Single by Freestyle

from the album Fantasi
- Language: Swedish (A-side)
- B-side: "I Want You" (in English)
- Released: 1980
- Length: 14:33
- Label: Sound of Scandinavia
- Songwriters: Tommy Ekman; Joakim Hagleitner; Christer Sandelin; Anders Uddberg;
- Producer: Ulf Wahlberg

Freestyle singles chronology
| "Running Away" (1980) | "Vill ha dej / I Want You" (1980) | "Fantasi" (1981) |

= Vill ha dej =

1980 single by Freestyle

"Vill ha dej" (also spelled "Vill ha dig", "I Want You") is a 1980 single by Swedish synthpop group Freestyle. While being about love, the song also references school and school classes. Side B of the vinyl contains English-language versions of the songs on the A side. It reached number one on the Swedish Topplistan for a five-week run.

==Track listing==
Side A
1. "Vill ha dej" (3:40)
2. "Kom till mej" (3:28)

Side B
1. "I Want You" (3:30)
2. "Isn't That Fine" (3:55)

==Charts==

| Chart (1981) | Peak position |
|---|---|
| Norway (VG-lista) | 2 |
| Sweden (Sverigetopplistan) | 1 |

==Drömhus version==

Swedish singer Drömhus (Therese Grankvist) released a cover version of the song as "Vill ha dig" in 1998. It was released as the second single from her debut album, Drömmar (Dreams) (1998), and peaked at number one in Denmark, Norway and Sweden.
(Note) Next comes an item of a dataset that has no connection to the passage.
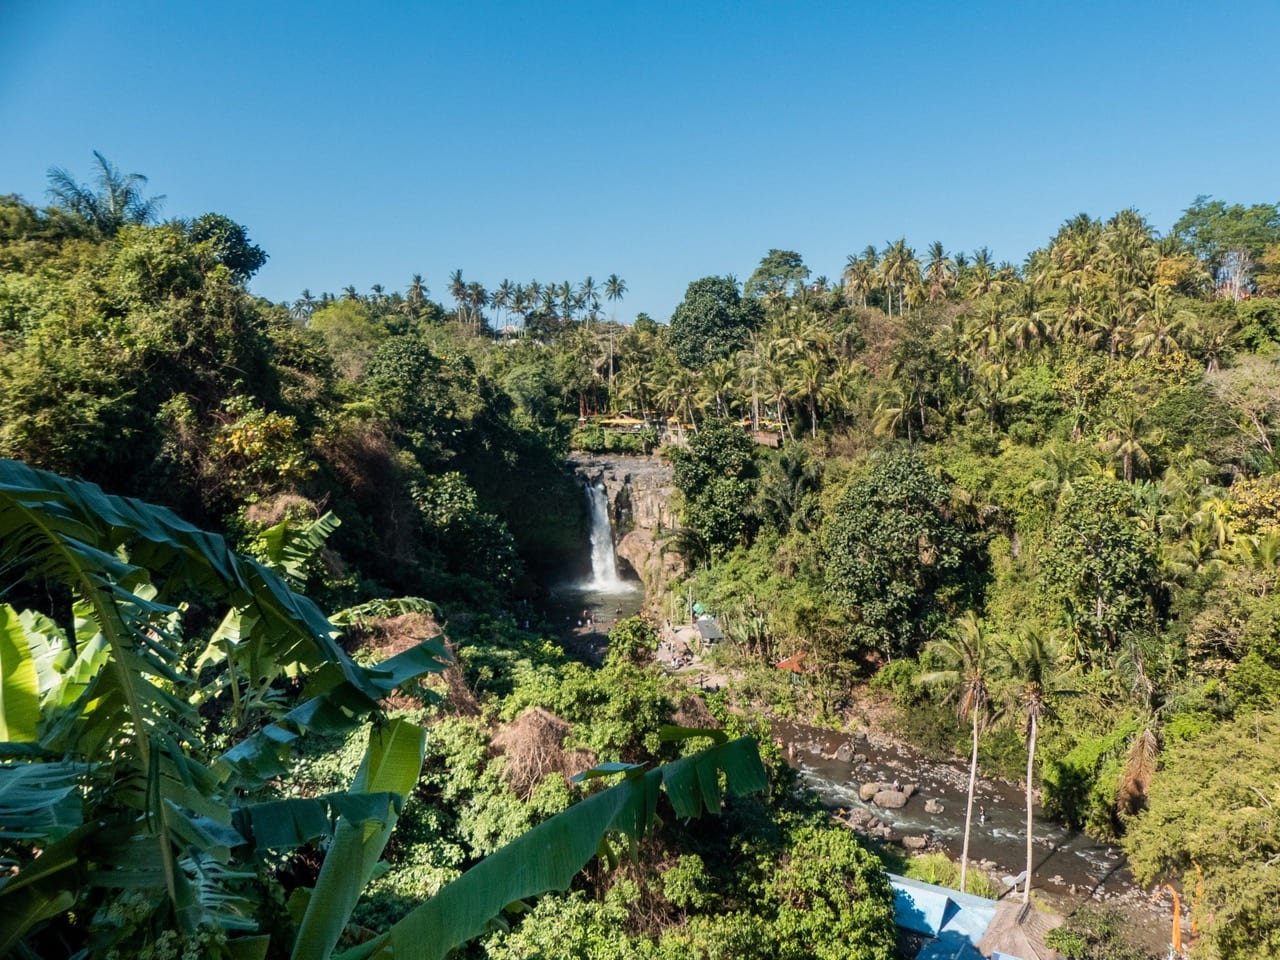 A guide to all the best waterfalls in Ubud Bali - Tegenungan Waterfall

The song also reached number three in Finland and number 30 on the Eurochart Hot 100 in June 1998.

===Track listing===
- CD single, Scandinavia (1998)
1. "Vill ha dig" – 3:42
2. "Vill ha dig" (Extended) – 4:42
3. "Ja må hon leva" – 1:02

===Charts===
====Weekly charts====

| Chart (1998) | Peak position |
|---|---|
| Denmark (IFPI) | 1 |
| Europe (Eurochart Hot 100) | 30 |
| Finland (Suomen virallinen lista) | 3 |
| Norway (VG-lista) | 1 |
| Sweden (Sverigetopplistan) | 1 |

====Year-end charts====

| Chart (1998) | Position |
|---|---|
| Sweden (Hitlistan) | 8 |

===Certifications===

| Region | Certification | Certified units/sales |
| Norway (IFPI Norway) | Platinum |  |
| Sweden (GLF) | Platinum | 30,000^{^} |
^{^} Shipments figures based on certification alone.